PROBLEM TO SOLVE: Leaving the pictures aside, transcribe every line below exactly.

SUPPLIED MATERIAL:
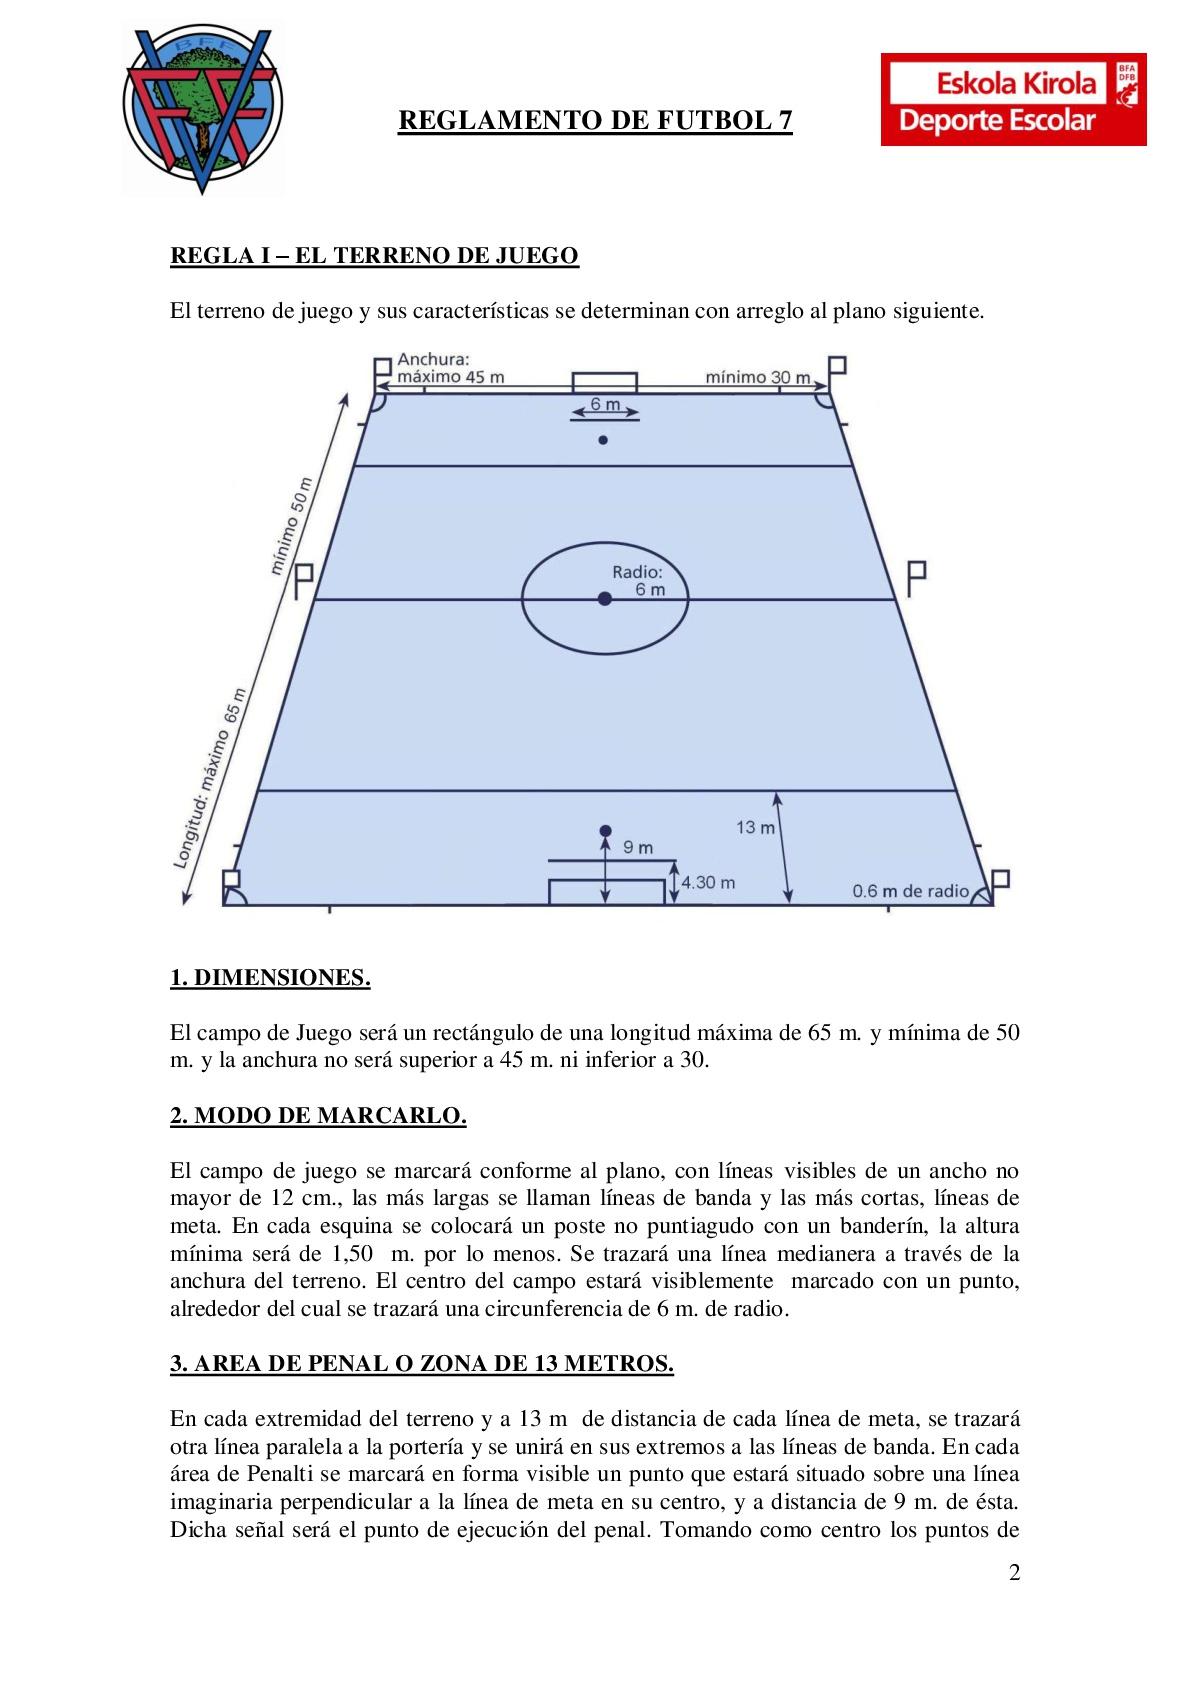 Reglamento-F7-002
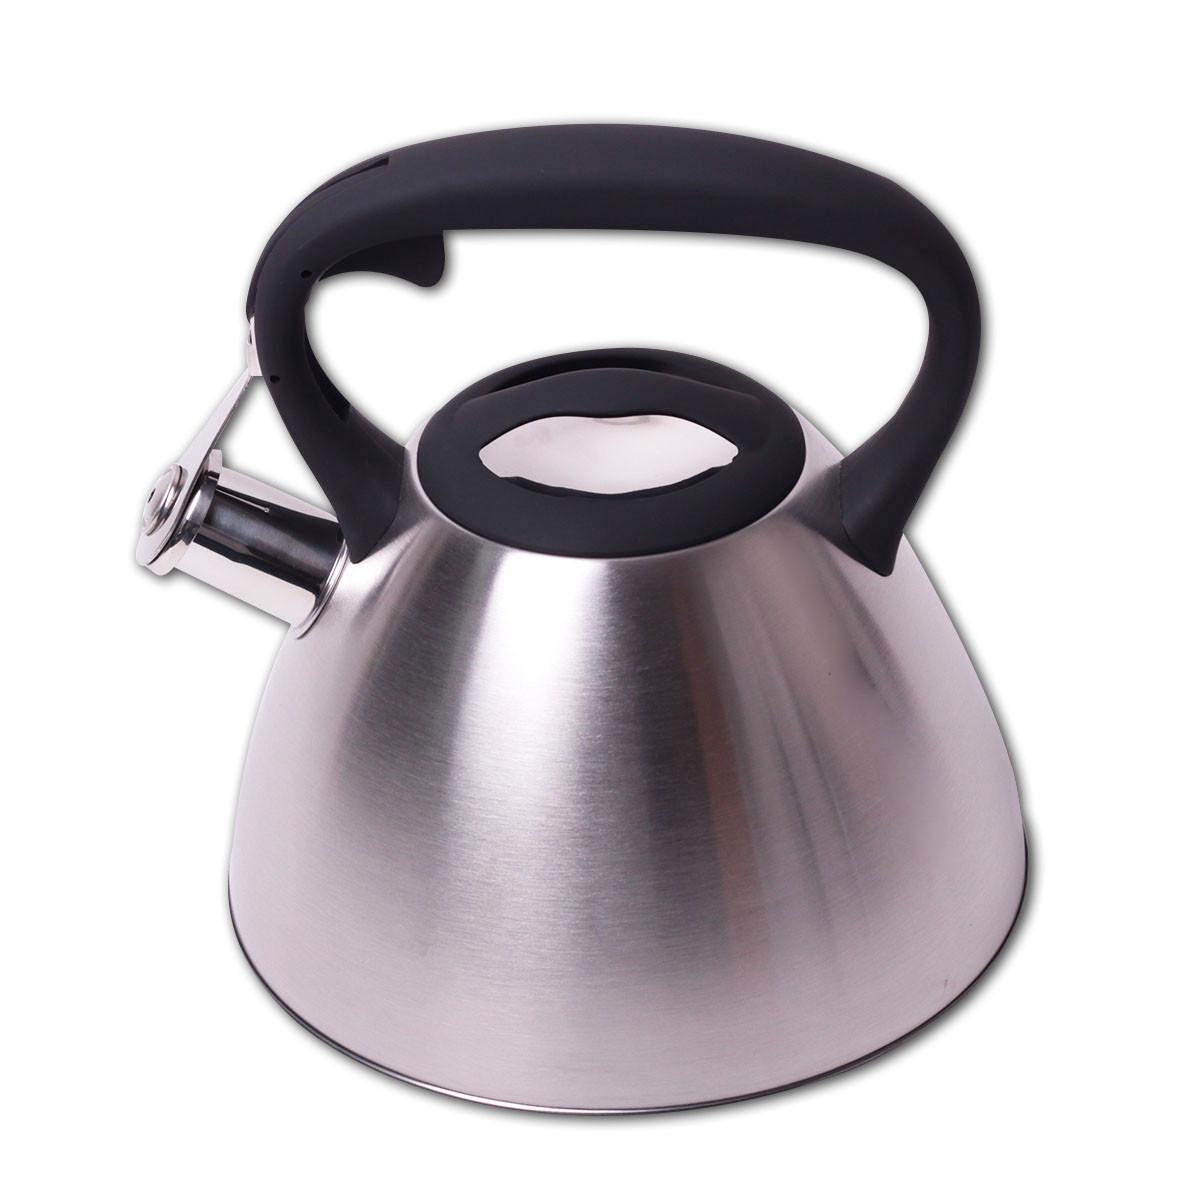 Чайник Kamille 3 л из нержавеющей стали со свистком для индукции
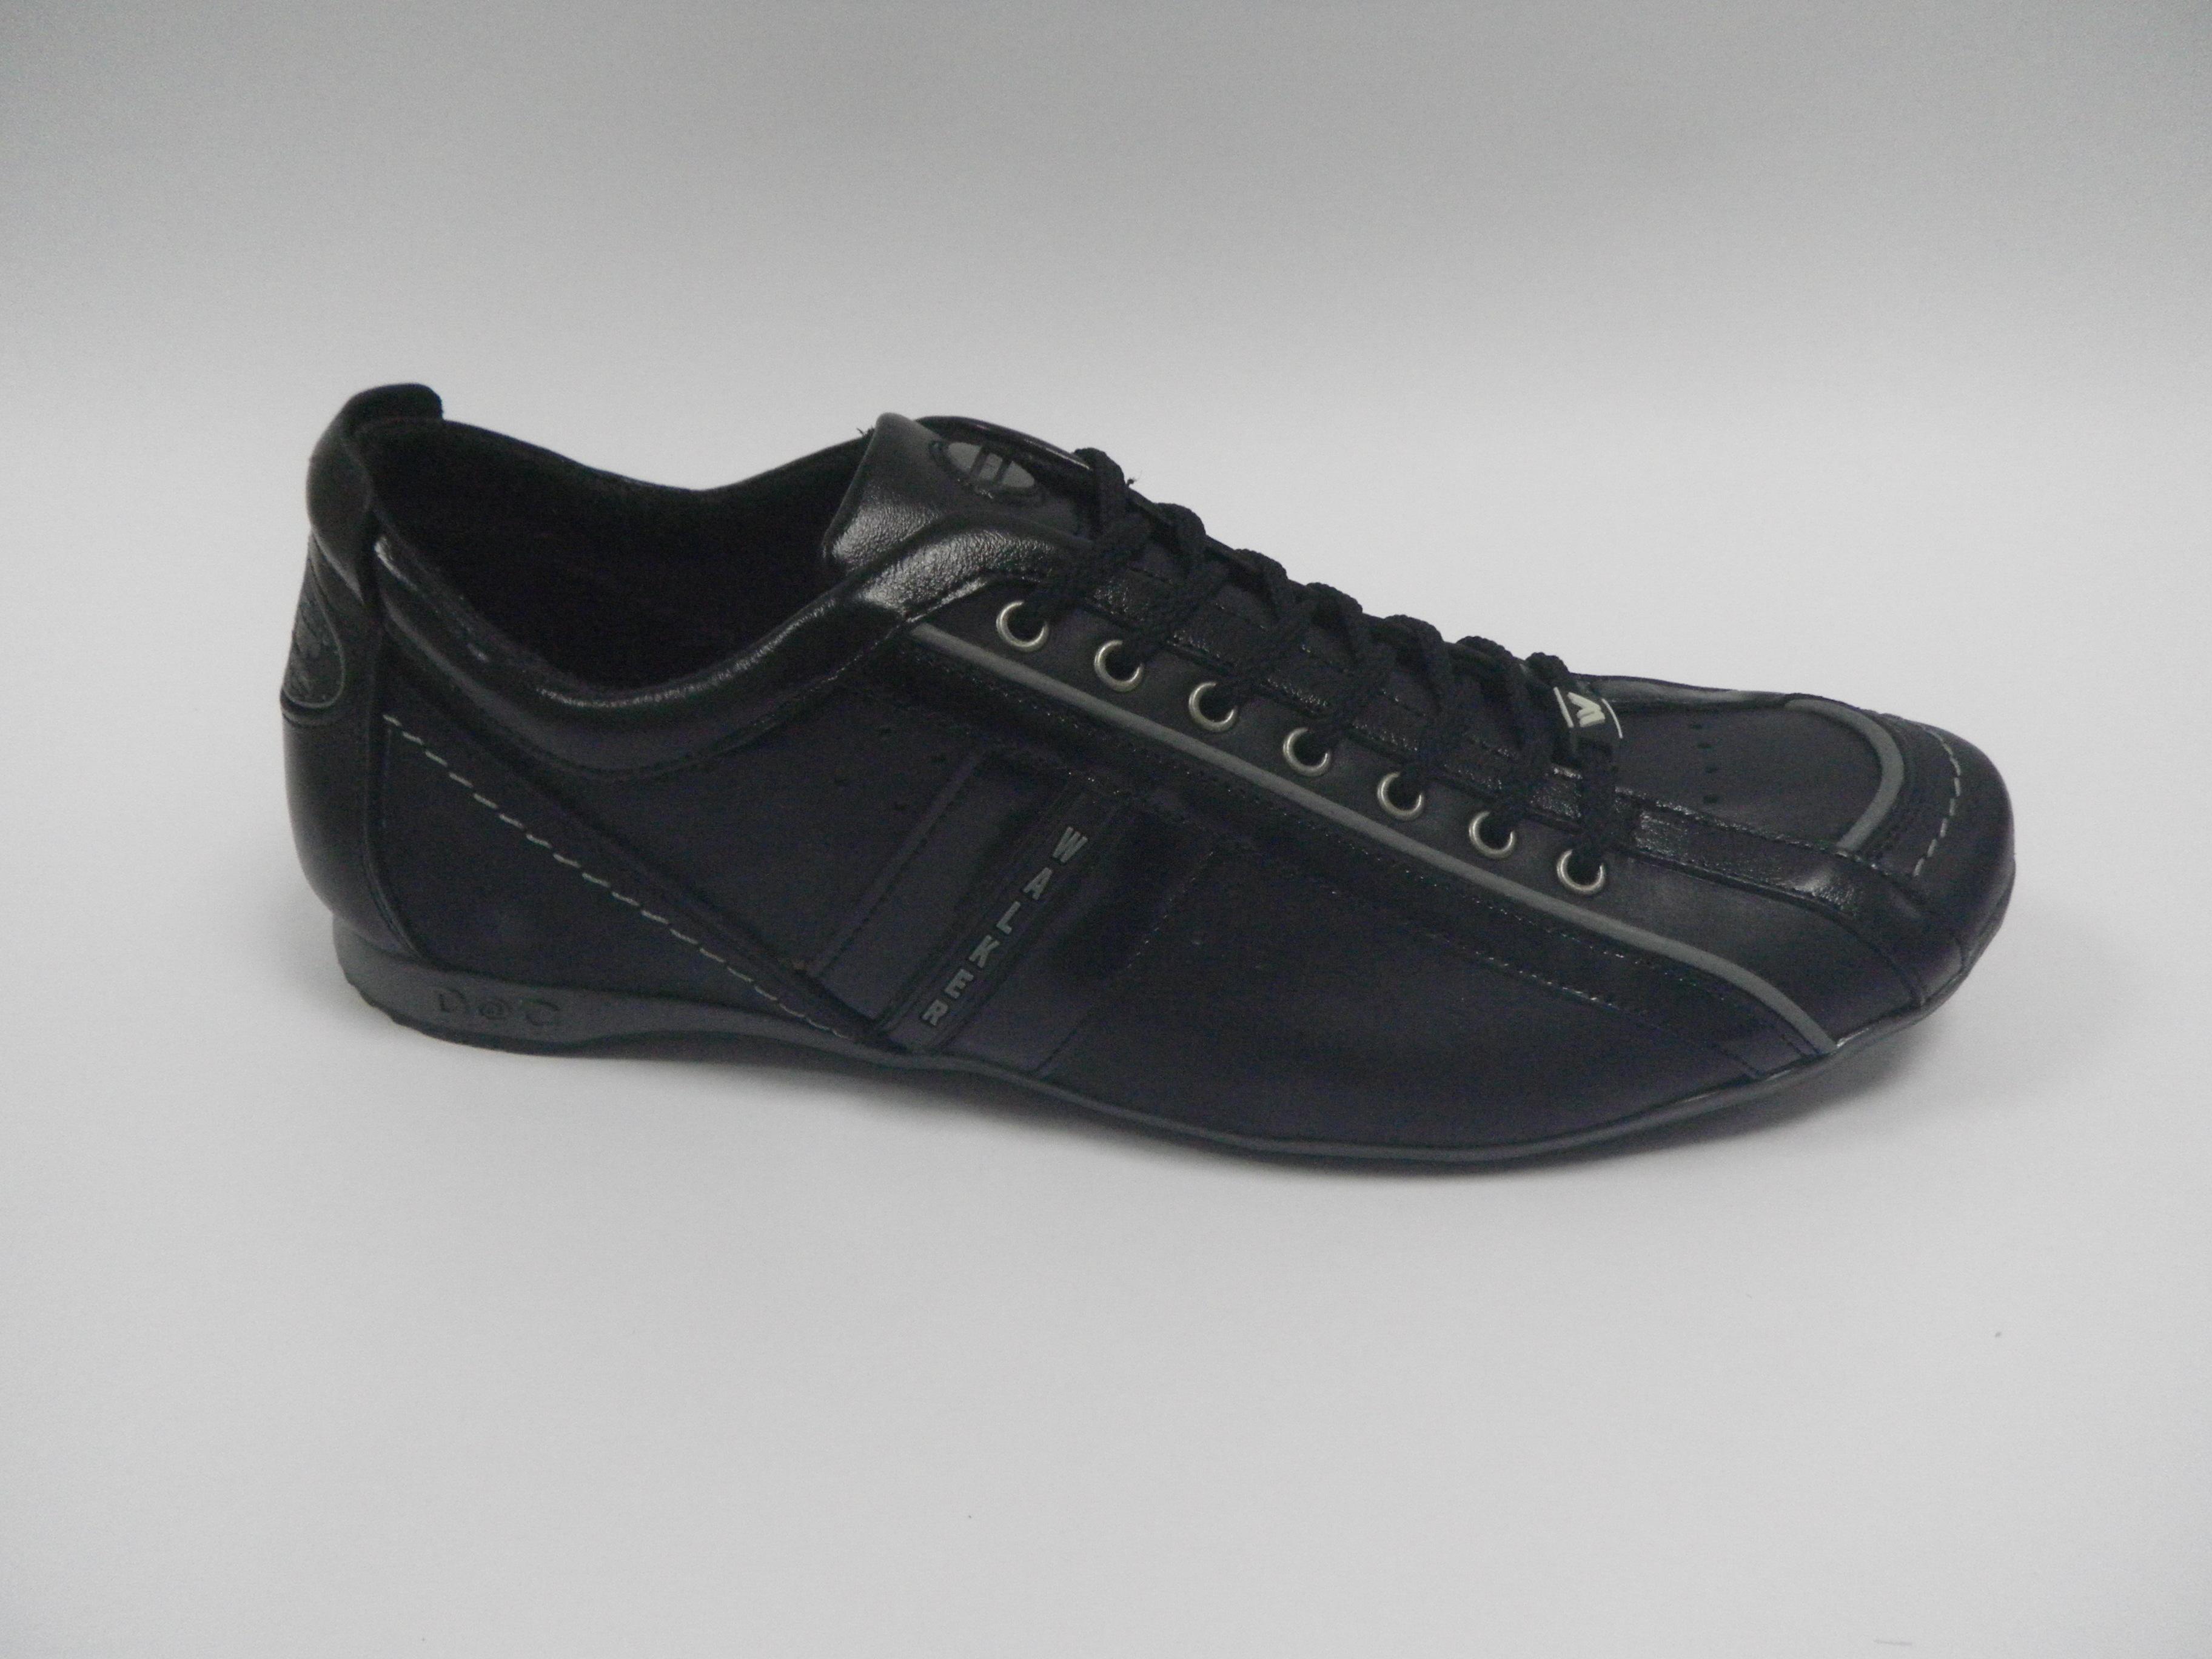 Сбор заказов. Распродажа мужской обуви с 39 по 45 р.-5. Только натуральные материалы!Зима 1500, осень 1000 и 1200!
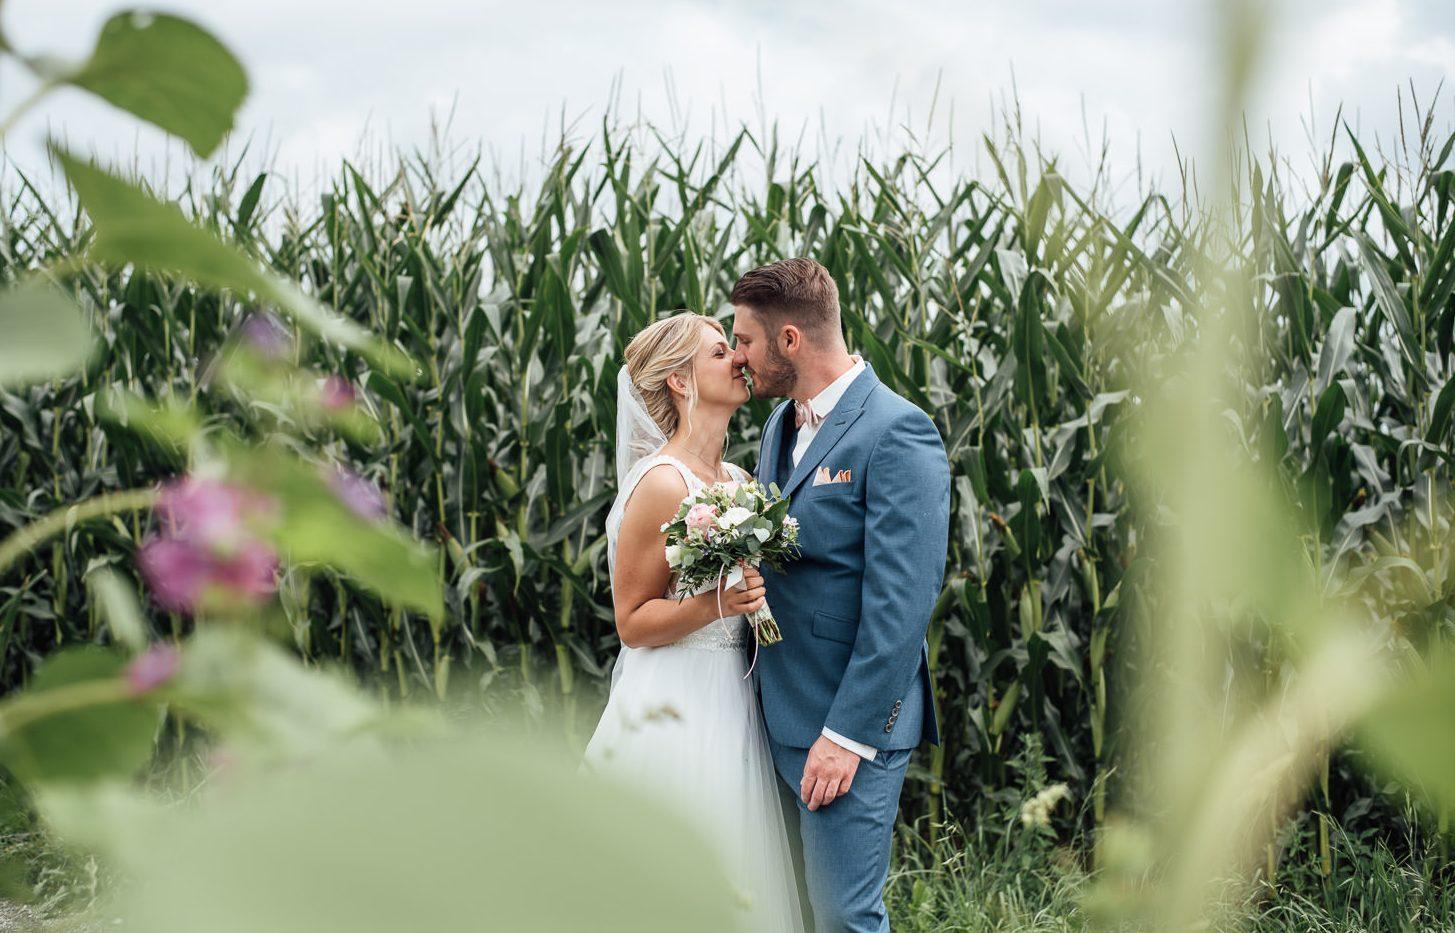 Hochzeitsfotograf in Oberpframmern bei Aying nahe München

RESULT OF THIS EXERCISE:
 Reglamento-F7-002
 Чайник Kamille 3 л из нержавеющей стали со свистком для индукции
 Сбор заказов. Распродажа мужской обуви с 39 по 45 р.-5. Только натуральные материалы!Зима 1500, осень 1000 и 1200!
 Hochzeitsfotograf in Oberpframmern bei Aying nahe München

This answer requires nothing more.